Убрать слово «подряд» применительно к максимальному числу президентских сроков предлагает Компартия КНР. Точнее, китайские коммунисты хотят вообще убрать ограничение. И пусть товарищ Си Цзиньпин правит вечно.
Центральный комитет Компартии Китая предлагает внести изменения в Конституцию страны на ближайшей сессии Всекитайского собрания народных представителей уже в марте этого года. Сейчас председатель КНР может занимать должность не больше двух пятилетних сроков подряд. Эту норму хотят убрать из основного закона.
Реформы, начатые нынешним председателем КНР, товарищем Си Цзиньпином, в прошлом году были признаны идеологическими основами жизни Китая. Чтобы продолжить их и завершить, лидер должен оставаться на посту как минимум до 95 лет. Сейчас ему 64 года, он пять лет у власти, и, согласно действующей Конституции, ему семидесяти не будет, когда придётся слагать полномочия. Вариант с временным преемником в Китае, вероятно, находят половинчатым и неправильным. Проблему хотят решить раз и навсегда, вычеркнув из Конституции фразу о двух сроках. Зачем это нужно и к чему приведёт – объясняет китаевед, руководитель Школы востоковедения Высшей школы экономики, профессор Алексей Маслов.
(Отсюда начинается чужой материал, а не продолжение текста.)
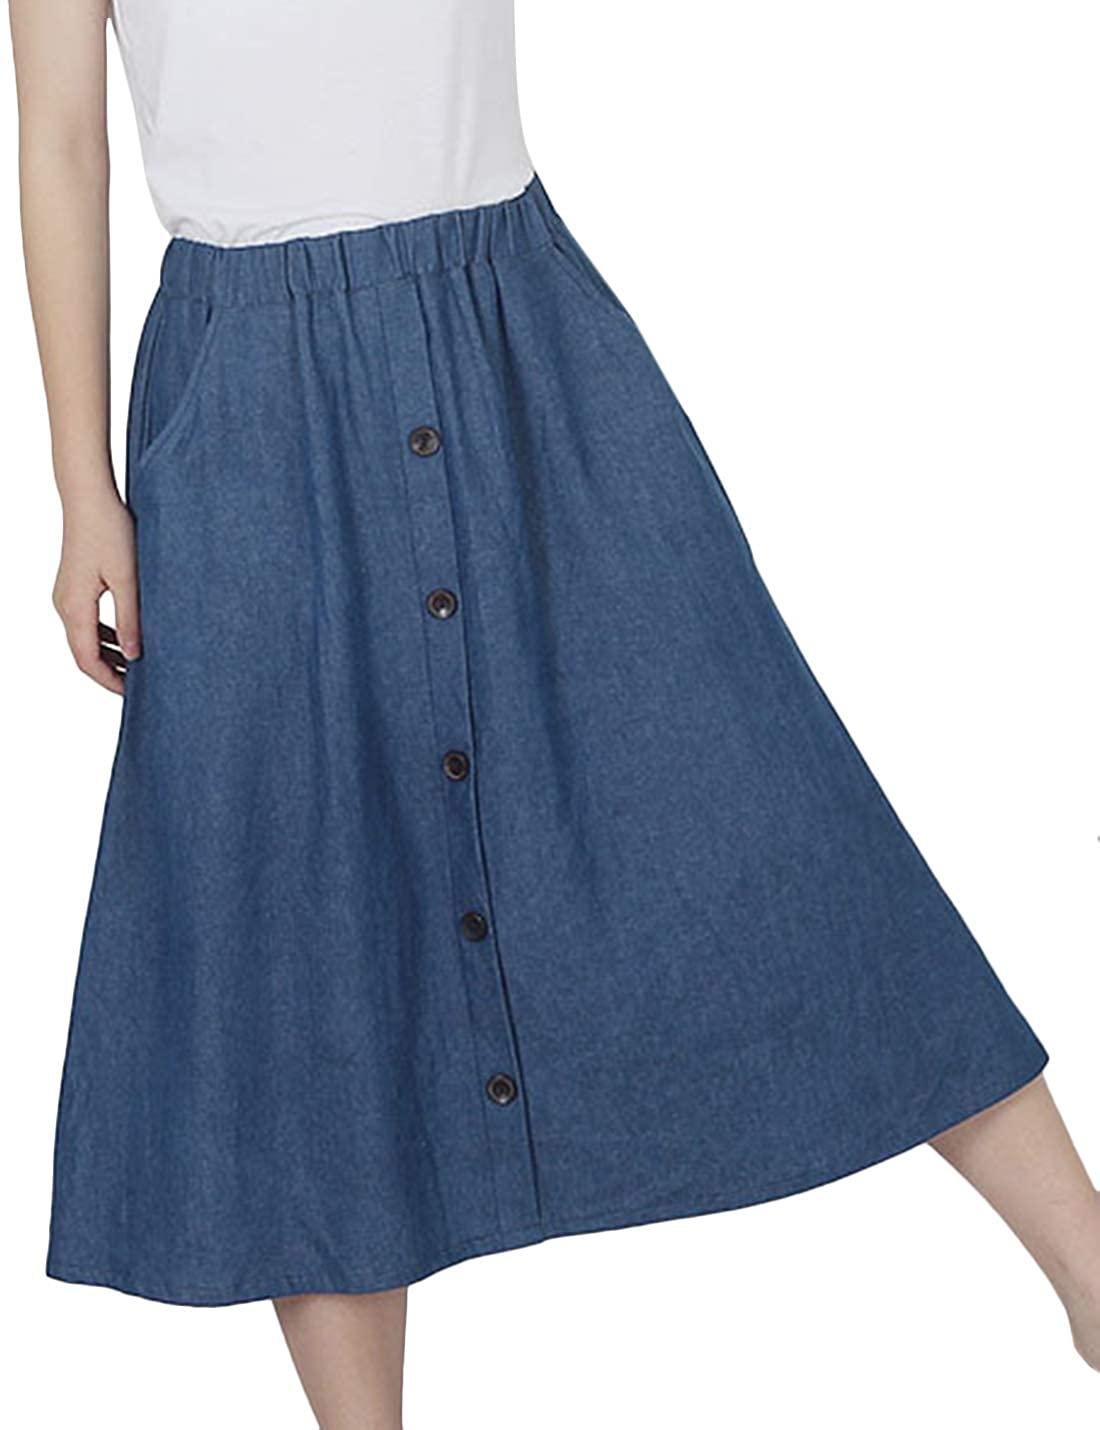 Tanming Womens Summer Retro Elastic Waist Button Mid Long Midi Pleated Denim Skirt

- Алексей Александрович, зачем товарищам такое изменение Конституции?
– Главная цель, которая провозглашается, – это необходимость большего времени для завершения начатых реформ. Все эти реформы направлены на полную экономическую перестройку Китая. Это то, что там называют «социализмом с китайской спецификой в новую эпоху». Тезис был постулирован на XIX съезде Компартии Китая (КПК) в ноябре 2017 года. Обратите внимание, какие сроки ставились для реформ: 2021 год – к 100-летию образования Компартии был поставлен целый ряд целей, 2035 год – это уже выходит за рамки пребывания Си Цзиньпина на посту, наконец, 2049 год – столетие образования КНР, и это тем более выходит за рамки. То есть выясняется, что целый ряд планов формально намечался под другого руководителя.
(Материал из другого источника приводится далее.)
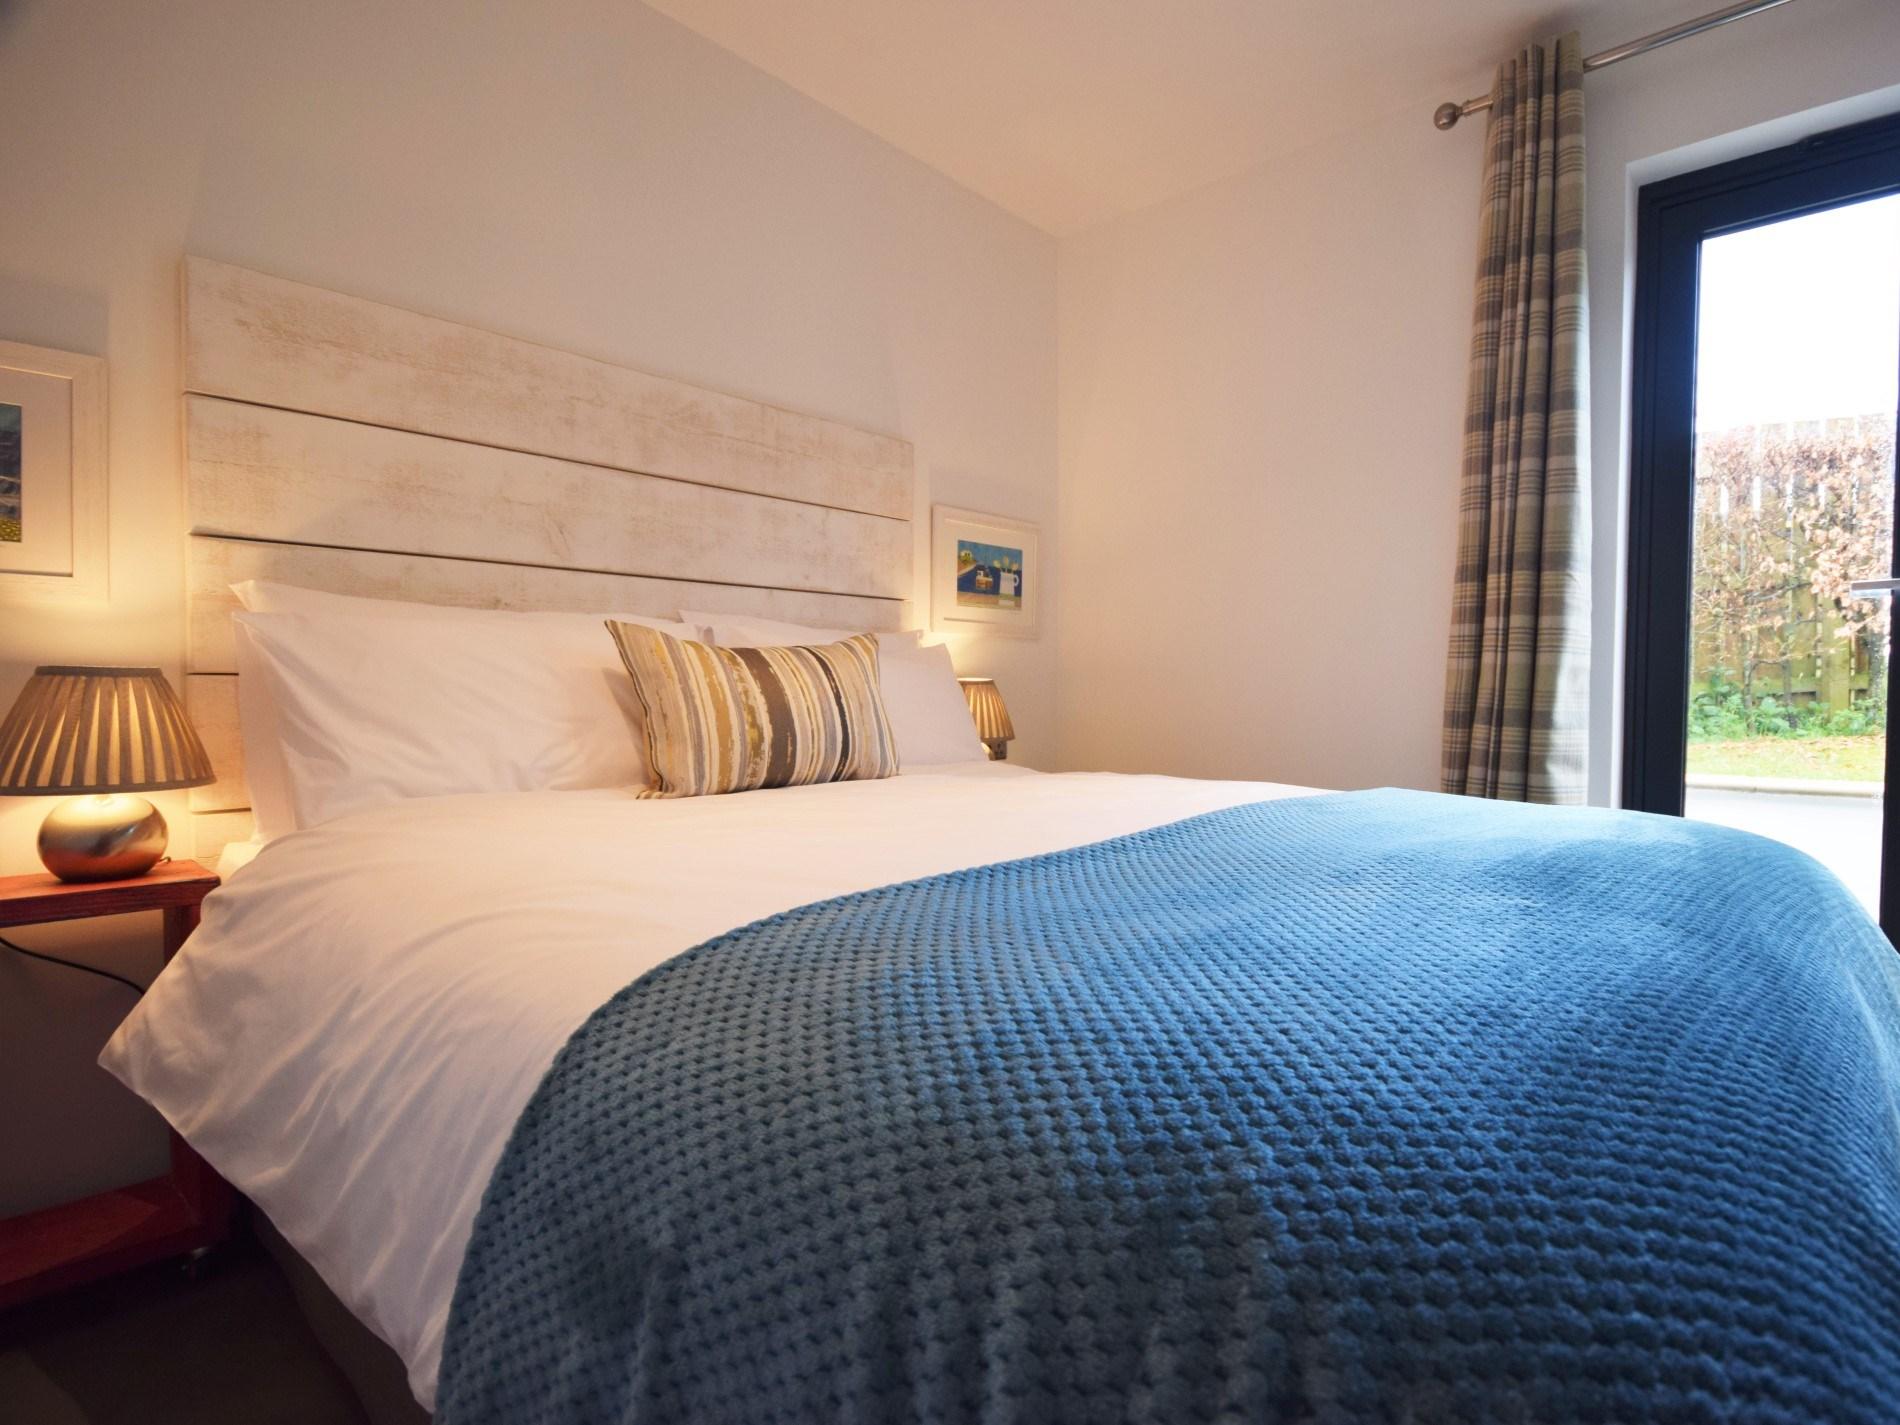 2 Bedroom Cottage in Holsworthy, Devon

- Под преемника, видимо. У него есть преемник?
– Преемника нет. И это тоже очень важный момент. Преемника должны были назвать на том же XIX съезде. Точнее, двух преемников, как это обычно делается. Один из них должен был, в конечном счёте, стать генсеком ЦК КПК. Но они не были названы. Выяснилось, что их и в природе не существует. В этом, собственно, и была задумка. Ещё до этого, в начале 2017 года, Си Цзиньпина во многих газетах вдруг стали именовать «ядром китайской нации». То есть шла такая массивная артподготовка.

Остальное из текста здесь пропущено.